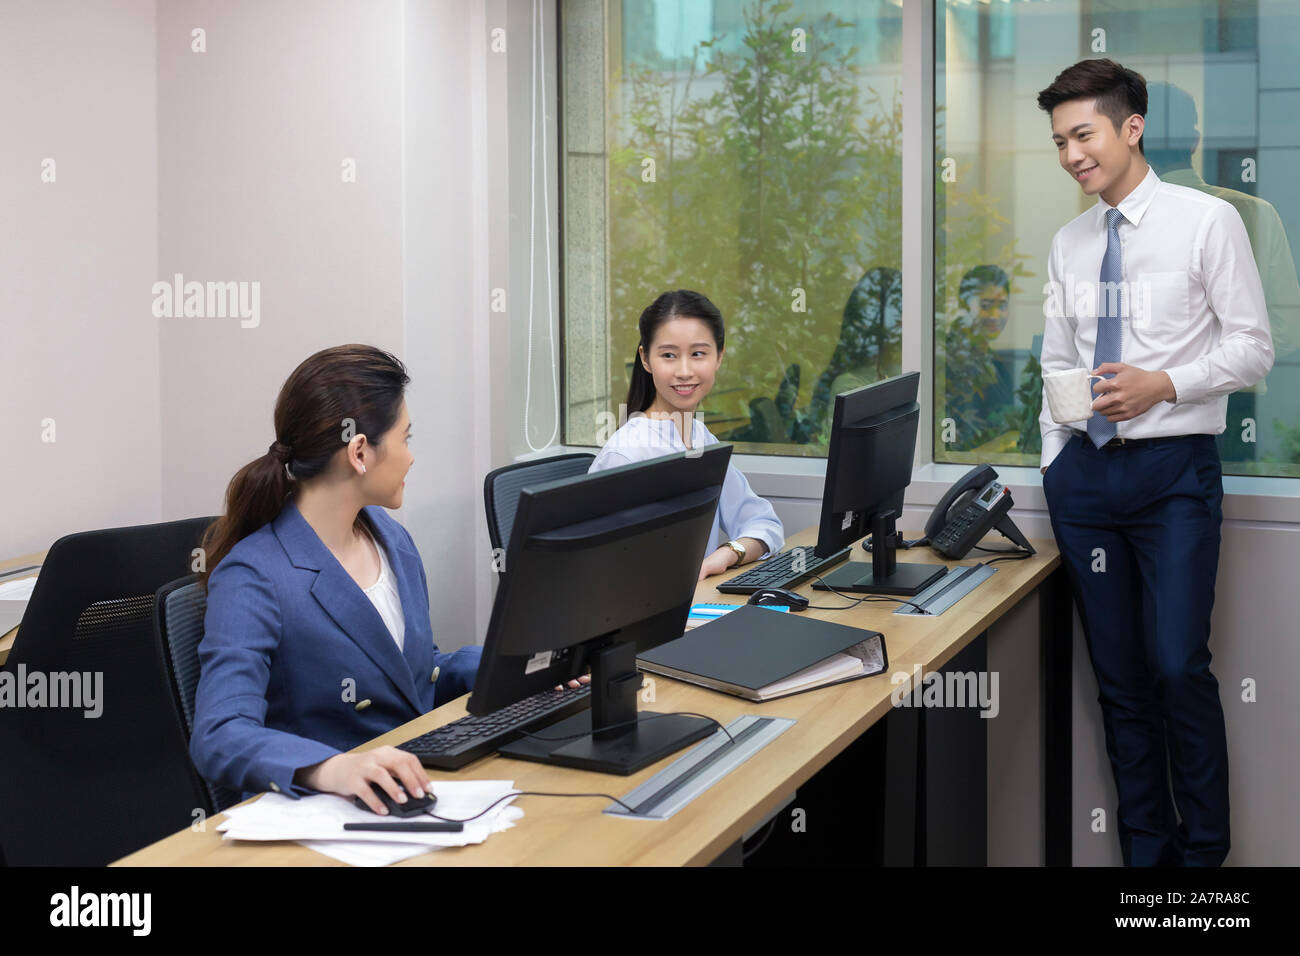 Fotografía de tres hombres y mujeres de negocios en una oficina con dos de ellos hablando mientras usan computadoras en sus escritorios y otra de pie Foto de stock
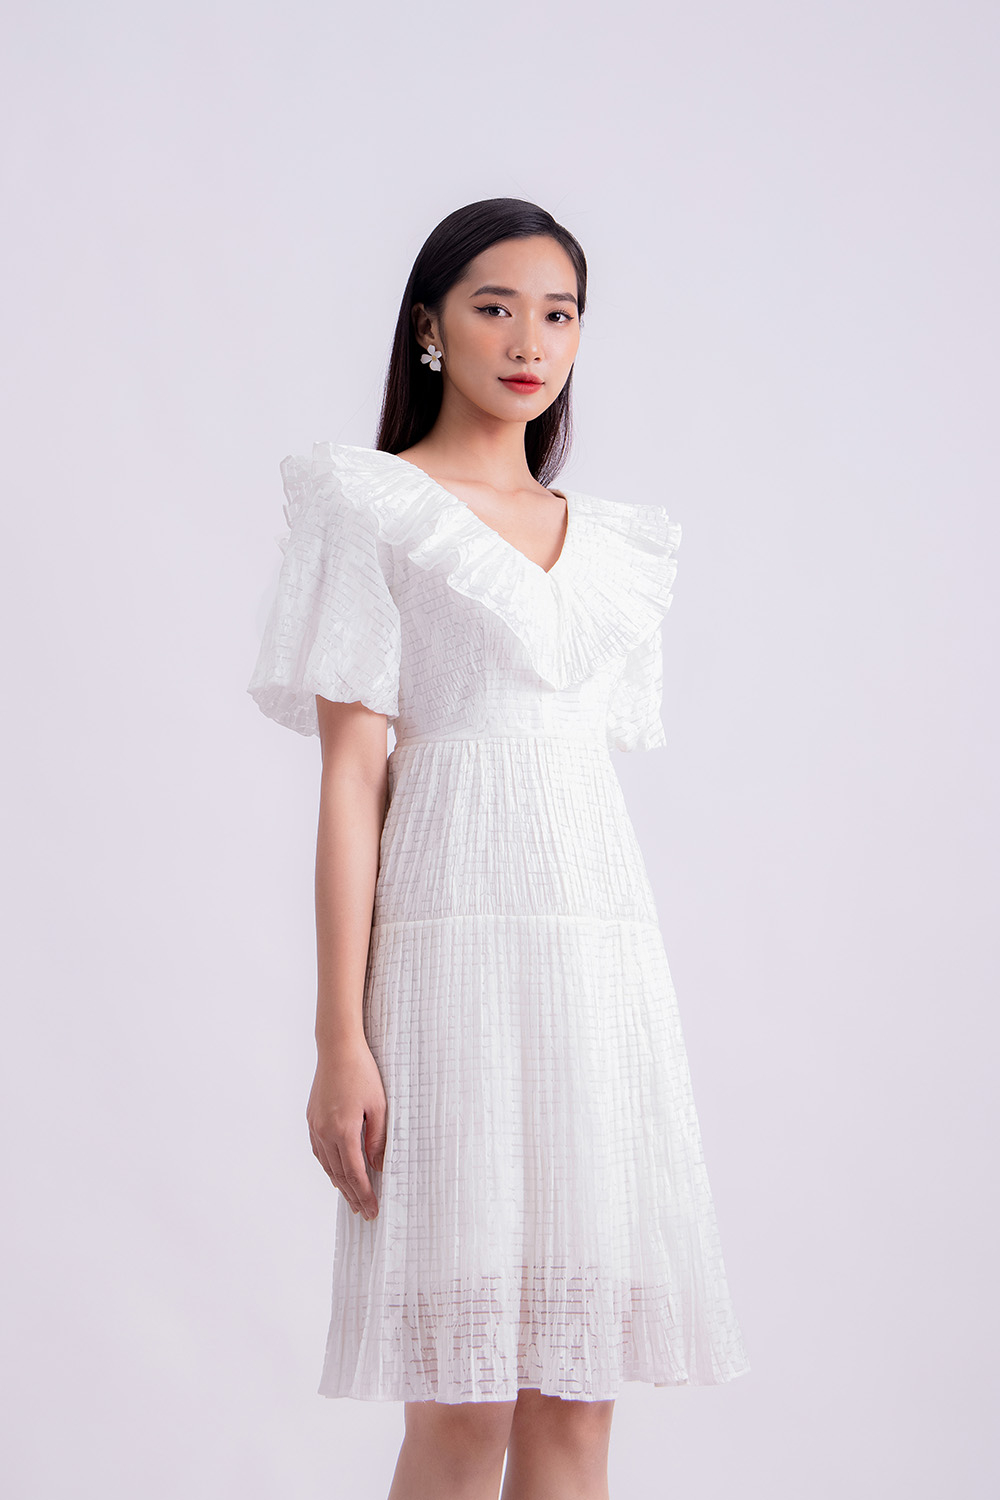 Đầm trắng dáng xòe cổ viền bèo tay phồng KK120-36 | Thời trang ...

_ _ _ _ _ _ _

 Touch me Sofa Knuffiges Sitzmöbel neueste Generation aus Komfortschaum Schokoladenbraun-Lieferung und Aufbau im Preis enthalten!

_ _ _ _ _ _ _

• [PROMPT]: Starting at the line above that has "Fotografía de tres" and ending at the line that has "Đầm trắng dáng", copy each line exactly, leaving the pictures out and adding nothing.

• [RESPONSE BOX]:
 Fotografía de tres hombres y mujeres de negocios en una oficina con dos de ellos hablando mientras usan computadoras en sus escritorios y otra de pie Foto de stock
 Đầm trắng dáng xòe cổ viền bèo tay phồng KK120-36 | Thời trang ...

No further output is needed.